Kapcala L P
Department of Medicine, University of Maryland School of Medicine and Hospital, Baltimore 21201.
Brain Res. 1989 Jul 10;491(2):253-65. doi: 10.1016/0006-8993(89)90061-9.
Despite many in vivo studies, little is known about brain regulation of POMC synthesis or regulation of secretion of POMC-related peptides. To test the hypothesis that dissociated brain cells in culture can produce and release POMC-related peptides, immunoreactive (IR)-adrenocorticotropin (ACTH) and beta-endorphin were measured in cells and media of dissociated cell cultures incubated up to 38 days. Fetal rat hypothalamic and extrahypothalamic forebrain cells were maintained in serum free medium. IR-ACTH and beta-endorphin were measured by radioimmunoassay in concentrated cells and media after various incubation times using two ACTH (mid-portion = R4; carboxy-portion directed = KEND) antisera and a beta-endorphin antiserum. IR-ACTH and IR-beta-endorphin in hypothalamic and extrahypothalamic cells and in media (cumulative) were greater than quantities in cells before culture. Peak hypothalamic cellular content of IR-ACTH (5.3 fmol/10(6) cells-R4; 4.7 fmol/10(6) cells-KEND) and content of IR-beta-endorphin (32.0 fmol/10(6) cells) occurred on days 16, 9 and 23, respectively. Peak extrahypothalamic content of IR-ACTH (2.9 fmol/10(6) cells-R4; 1.0 fmol/10(6) cells-KEND) and content of IR-beta-endorphin (10.8 fmol/10(6) cells) was also seen on different days, was lower than hypothalamic content and was not always concurrent with peak hypothalamic content. Gel filtration chromatography revealed that the predominant forms of IR-ACTH and IR-beta-endorphin in hypothalamic cell extracts co-eluted with synthetic ACTH1-39 and beta-endorphin. Changes in molar ratios of IR-ACTH and IR-beta-endorphin also suggested a differential regulation of different POMC derivatives.

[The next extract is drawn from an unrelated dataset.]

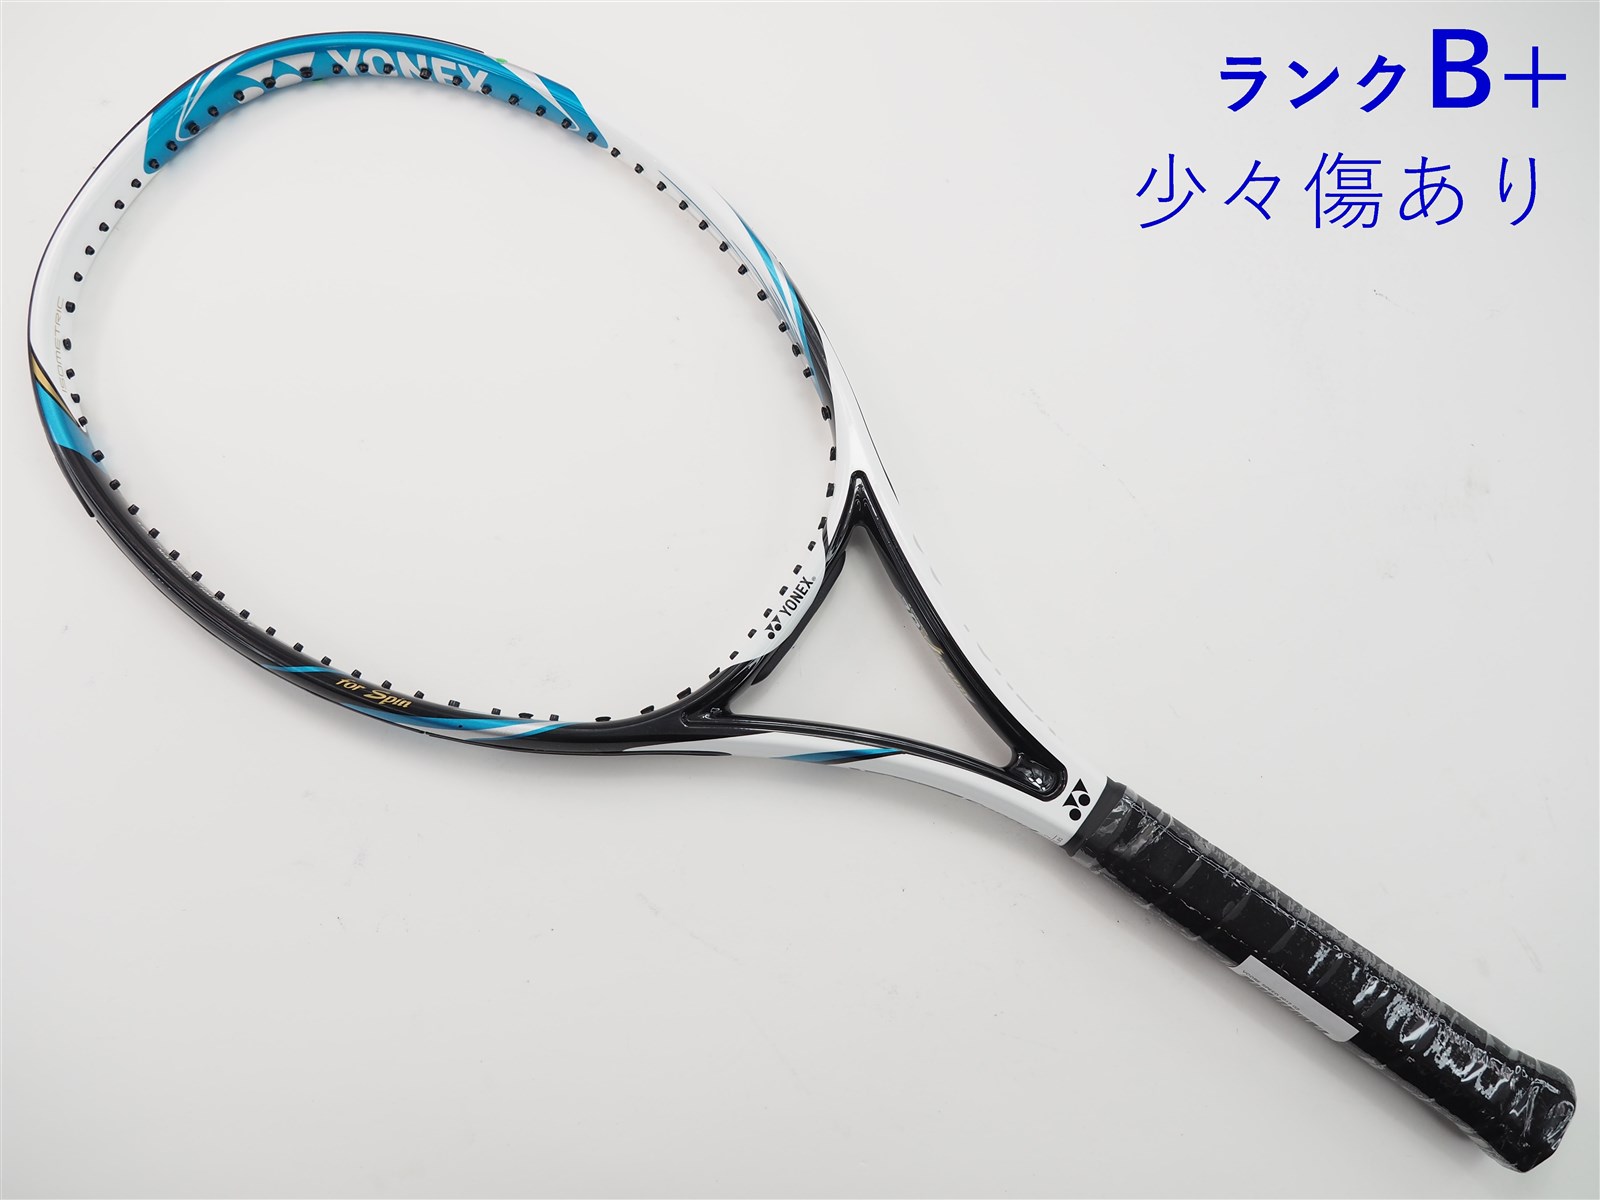 テニスラケット ヨネックス ブイコア エックスアイ 100 2012年モデル (LG1)YONEX VCORE Xi 100 2012ガット無しグリップサイズ

(1) IR-ACTH and IR-beta-endorphin are produced by hypothalamic and extrahypothalamic forebrain cells in culture: and (2) dissociated brain cell cultures can be used as a potential model for studying regulation of POMC-related peptides in brain.
尽管进行了许多体内研究,但对于脑对促黑素细胞激素(POMC)合成的调节或POMC相关肽分泌的调节了解甚少。为了验证培养的解离脑细胞能够产生并释放POMC相关肽这一假设,在培养长达38天的解离细胞培养物的细胞和培养基中测量了免疫反应性(IR)促肾上腺皮质激素(ACTH)和β-内啡肽。将胎鼠下丘脑和下丘脑外前脑细胞维持在无血清培养基中。在不同孵育时间后,使用两种ACTH抗血清(中部=R4;羧基末端定向=KEND)和一种β-内啡肽抗血清,通过放射免疫分析法在浓缩的细胞和培养基中测量IR-ACTH和β-内啡肽。下丘脑和下丘脑外细胞以及培养基中(累积)的IR-ACTH和IR-β-内啡肽含量高于培养前细胞中的含量。下丘脑细胞中IR-ACTH的峰值含量(5.3 fmol/10⁶细胞-R4;4.7 fmol/10⁶细胞-KEND)和IR-β-内啡肽的含量(32.0 fmol/10⁶细胞)分别出现在第16天、第9天和第23天。下丘脑外IR-ACTH的峰值含量(2.9 fmol/10⁶细胞-R4;1.0 fmol/10⁶细胞-KEND)和IR-β-内啡肽的含量(10.8 fmol/10⁶细胞)也出现在不同的日子,低于下丘脑含量,且并不总是与下丘脑峰值含量同时出现。凝胶过滤色谱显示,下丘脑细胞提取物中IR-ACTH和IR-β-内啡肽的主要形式与合成的ACTH1-39和β-内啡肽共洗脱。IR-ACTH和IR-β-内啡肽摩尔比的变化也表明对不同POMC衍生物的调节存在差异。
(1)培养的下丘脑和下丘脑外前脑细胞可产生IR-ACTH和IR-β-内啡肽;(2)解离的脑细胞培养物可作为研究脑中POMC相关肽调节的潜在模型。